Word for word, restate the listing; omit the pictures.

**GIVEN DATA**
● ● ●
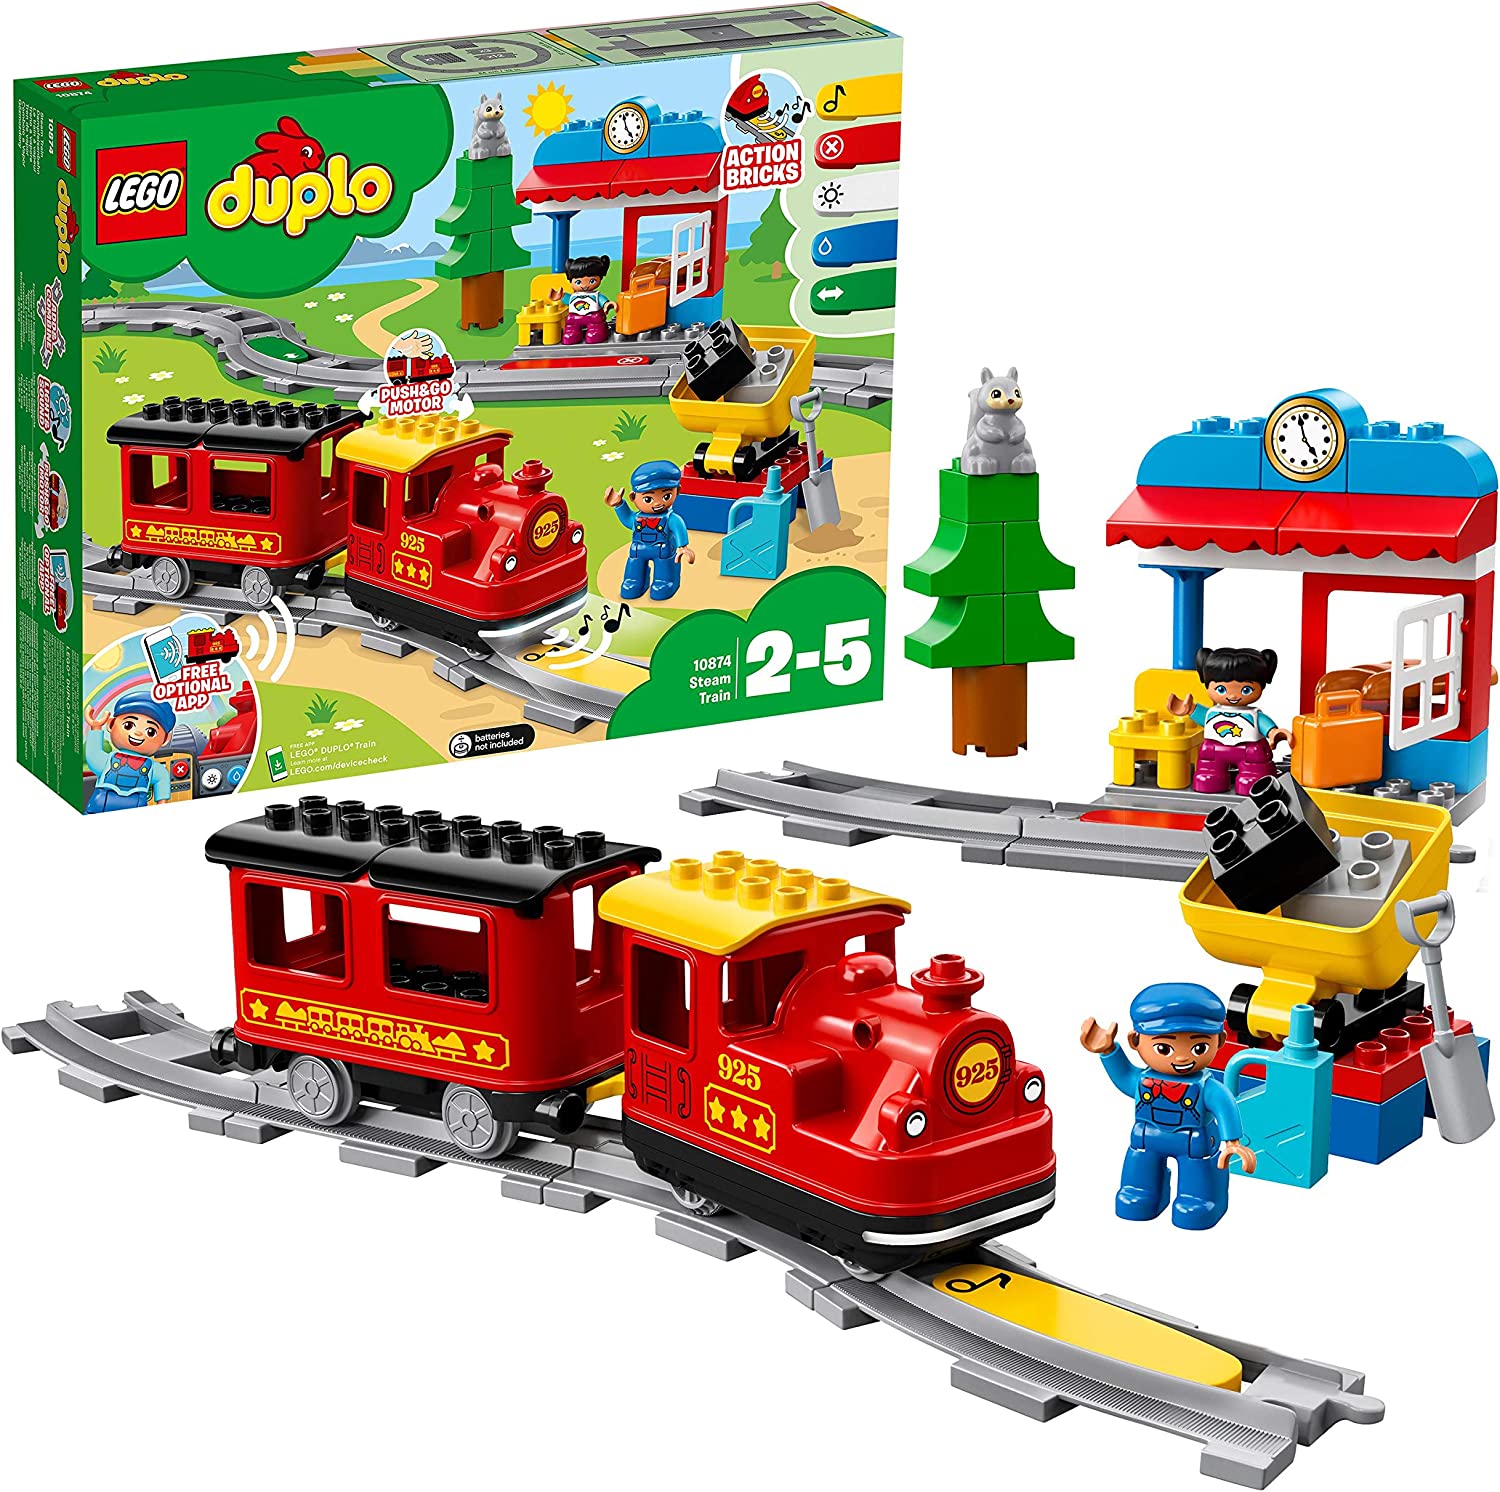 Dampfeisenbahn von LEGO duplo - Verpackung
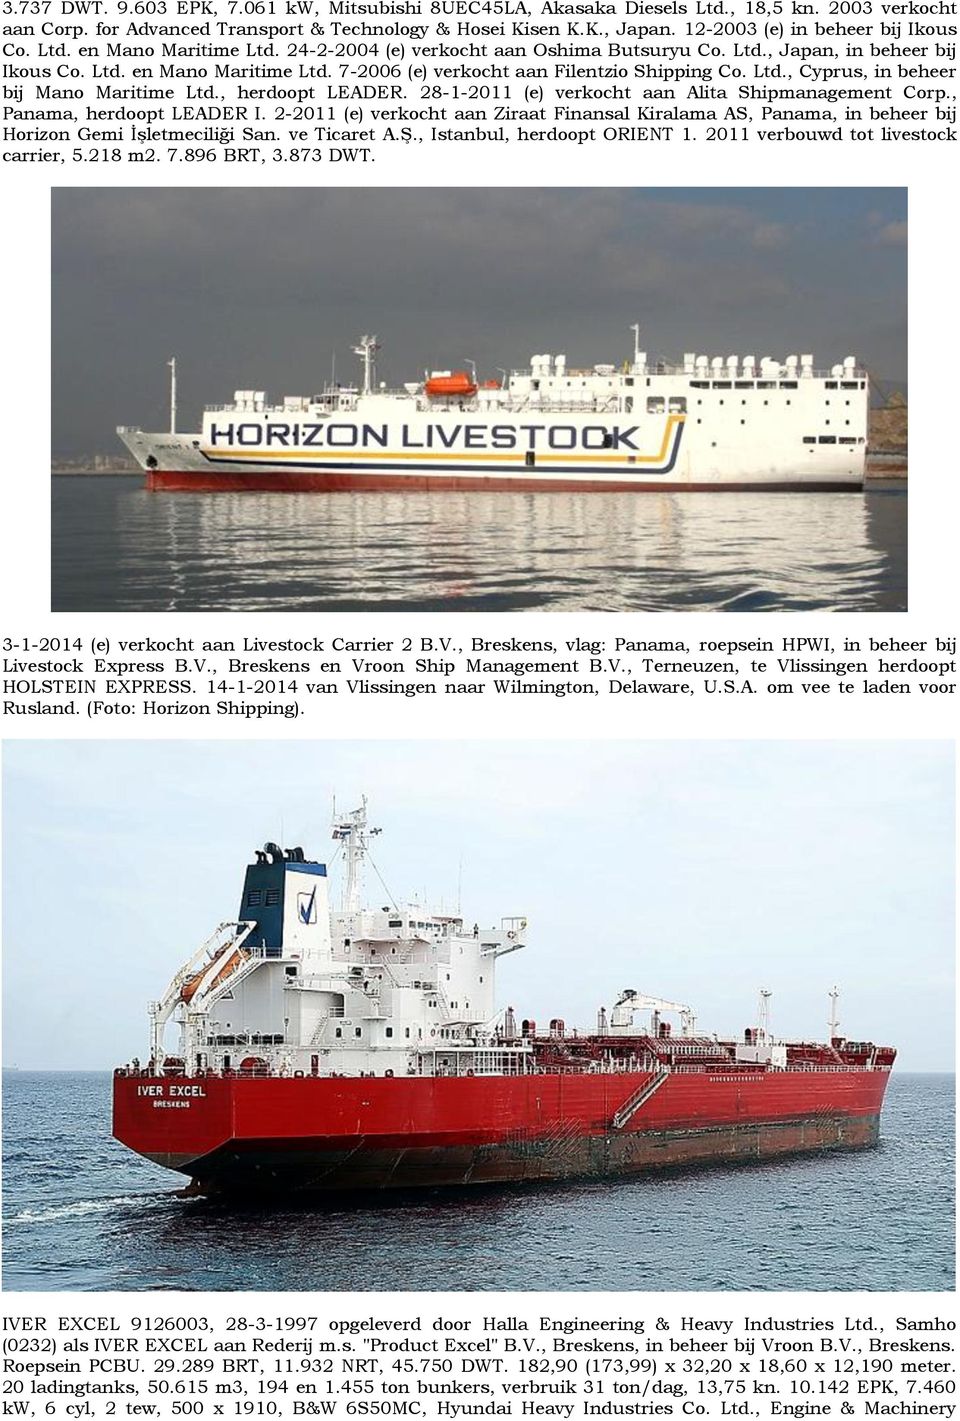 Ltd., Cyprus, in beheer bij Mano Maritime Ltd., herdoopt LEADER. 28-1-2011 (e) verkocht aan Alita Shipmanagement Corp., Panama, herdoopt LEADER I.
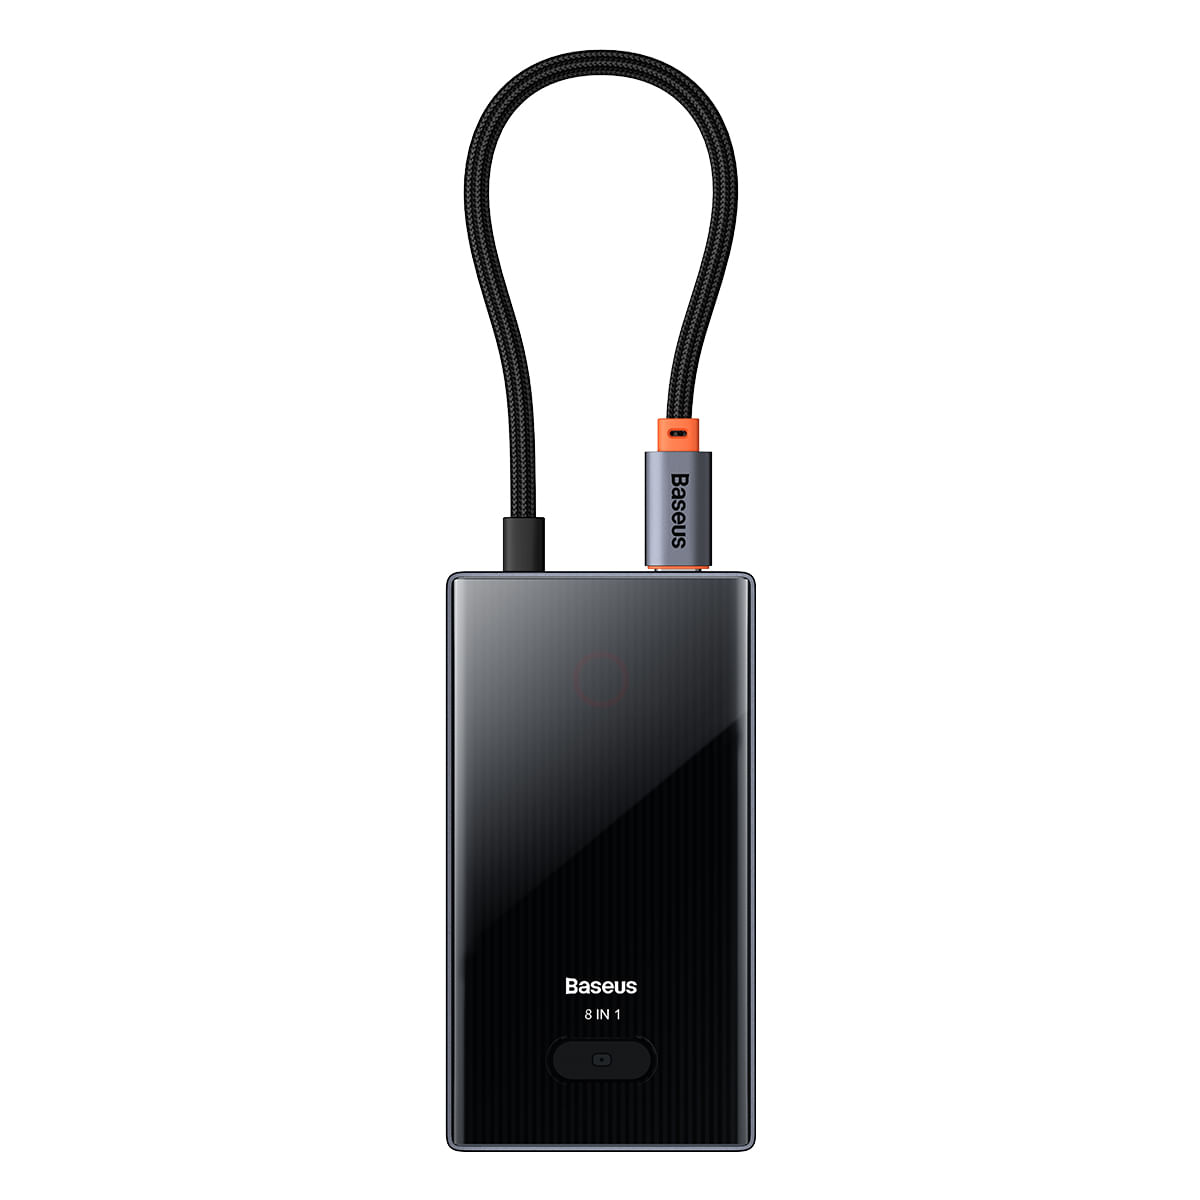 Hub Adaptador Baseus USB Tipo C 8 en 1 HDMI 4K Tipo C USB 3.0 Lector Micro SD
● ● ●
**ANSWER TO THE PROBLEM**
 Dampfeisenbahn von LEGO duplo - Verpackung
 Ltd., Cyprus, in beheer bij Mano Maritime Ltd., herdoopt LEADER. 28-1-2011 (e) verkocht aan Alita Shipmanagement Corp., Panama, herdoopt LEADER I.
 Hub Adaptador Baseus USB Tipo C 8 en 1 HDMI 4K Tipo C USB 3.0 Lector Micro SD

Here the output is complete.